Our Party argues that if there is to be a statutory allocation of broadcast time to political parties, that allocation should at minimum be an equal one. If anything the parties without representation in the House of Commons are at an extreme disadvantage in communicating their perspective to the public because of a virtual media blackout concerning them.

Party Financing

CPC(M-L) questions why there should be any public financing of political parties as such. It is one thing to permit political parties to provide tax receipts for contributions made by their supporters. However, present provisions for reimbursement for candidate's expenses in an electoral system whose outcome is prejudiced by the unfair distribution of wealth perpetuates an unfair playing field, influence-peddling and contributes to the credibility and legitimacy crisis.

The real anti-democratic nature of the provisions on party financing come into clear relief when they are considered, amongst other things, in the context of the provision that the National President must endorse the nomination of party candidates. These two provisions taken together constitute a legislative scheme which is bound to engender and legitimize pork-barrel politics. In the recent election the Liberal Party utilized Section 81(1)(h) to parachute candidates into several constituencies over the objection of the local party organizations. Far from being an equity measure to guarantee fair representation of women, it is a mechanism which increases the marginalization of the polity in which the fortunes and future of would-be MPs are tied to "political affiliation," a defined term in the Act.

We also question the magic number of 12 MPs as having any legitimate significance in terms of the allocation of resources, with this pseudo-category of "recognized political party". It is not democratic to allocate privileges or resources on the basis of the party machine. Funds currently allocated to MPs to operate party constituency offices should be turned over to local, elected Electoral Commissions to whom the Member of Parliament is responsible on a day-to-day basis. The entire electoral process should be organized in the open with no privileges whatever going to political parties. This measure alone would raise the stature of the politician and political institutions from what it is today.

The Canadian Encyclopedia sums up the question of financial support concerning the Liberal Party in this way:

The Liberals traditionally raised election campaign money from big businessmen and to a lesser extent, small entrepreneurs. Since the introduction of the Election Expenses Act (1974), reliance on business funding has dramatically declined in favour of tax-deductible member donations and direct subsidies from the public purse. (p. 1003)

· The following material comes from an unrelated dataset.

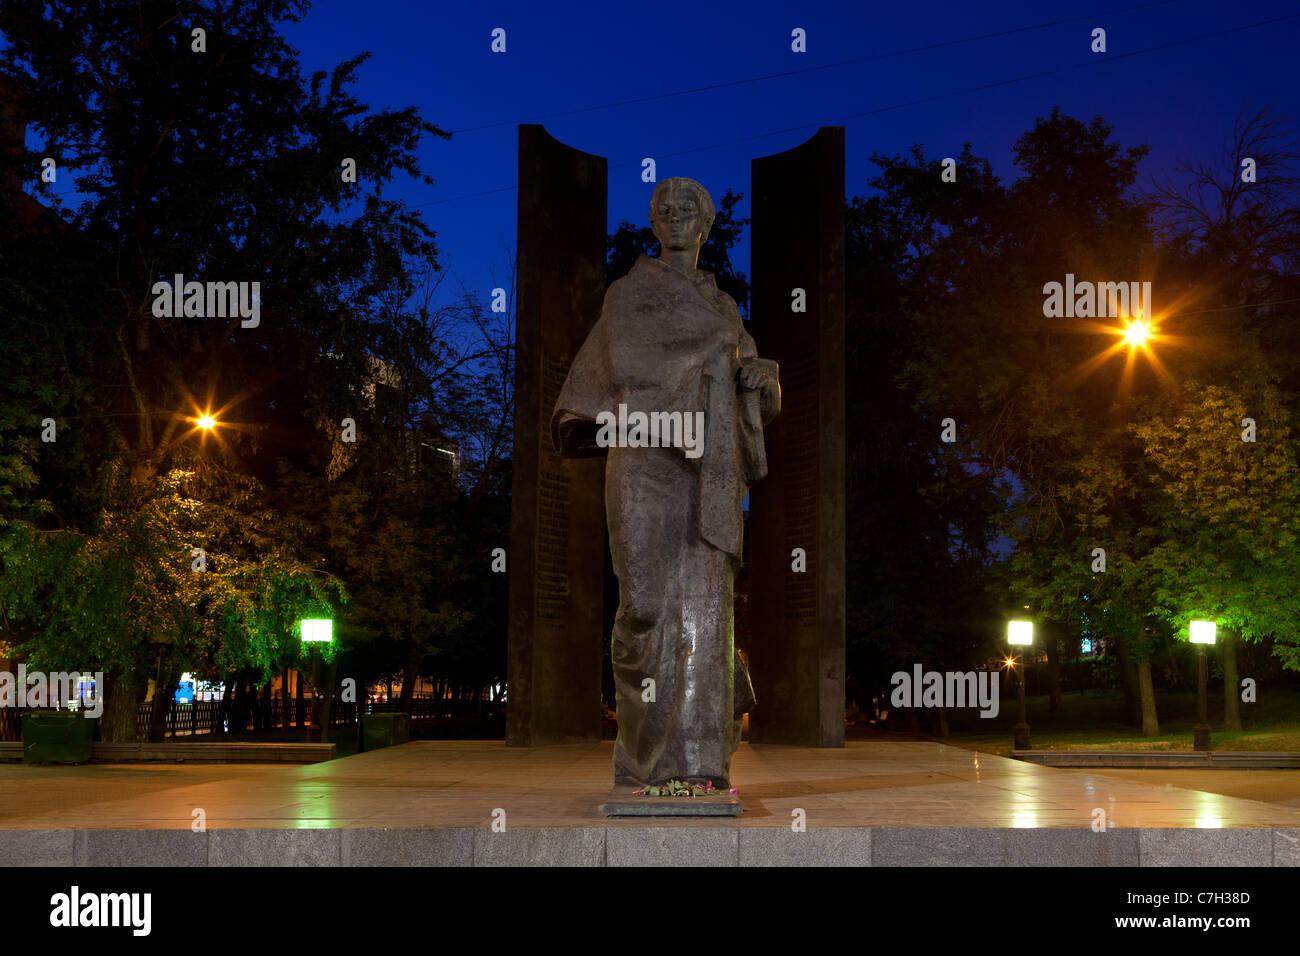 Monument to Vladimir Lenin's wife Nadezhda Krupskaya (1869-1939) in Moscow, Russia - Stock Image

It is clear that the electoral process puts political parties in power. But it also dictates the functioning of such political parties. Once having gotten "first-past-the-post", elected Members of Parliament are manipulated and controlled by the "party machines" which derive their sustenance in large measure from the financial and other provisions of the electoral law which privilege political parties, and within that some parties more than others.

The whole party financing scheme serves the interests of wealth and privilege and consolidates the stranglehold of the Party on the independence of thought and action of the Member of Parliament. Whereas, as a Party member, an individual is free to agree to such a condition of membership in a political party in which he or she freely chooses to associate, this cannot be a condition for membership in the Parliament of Canada.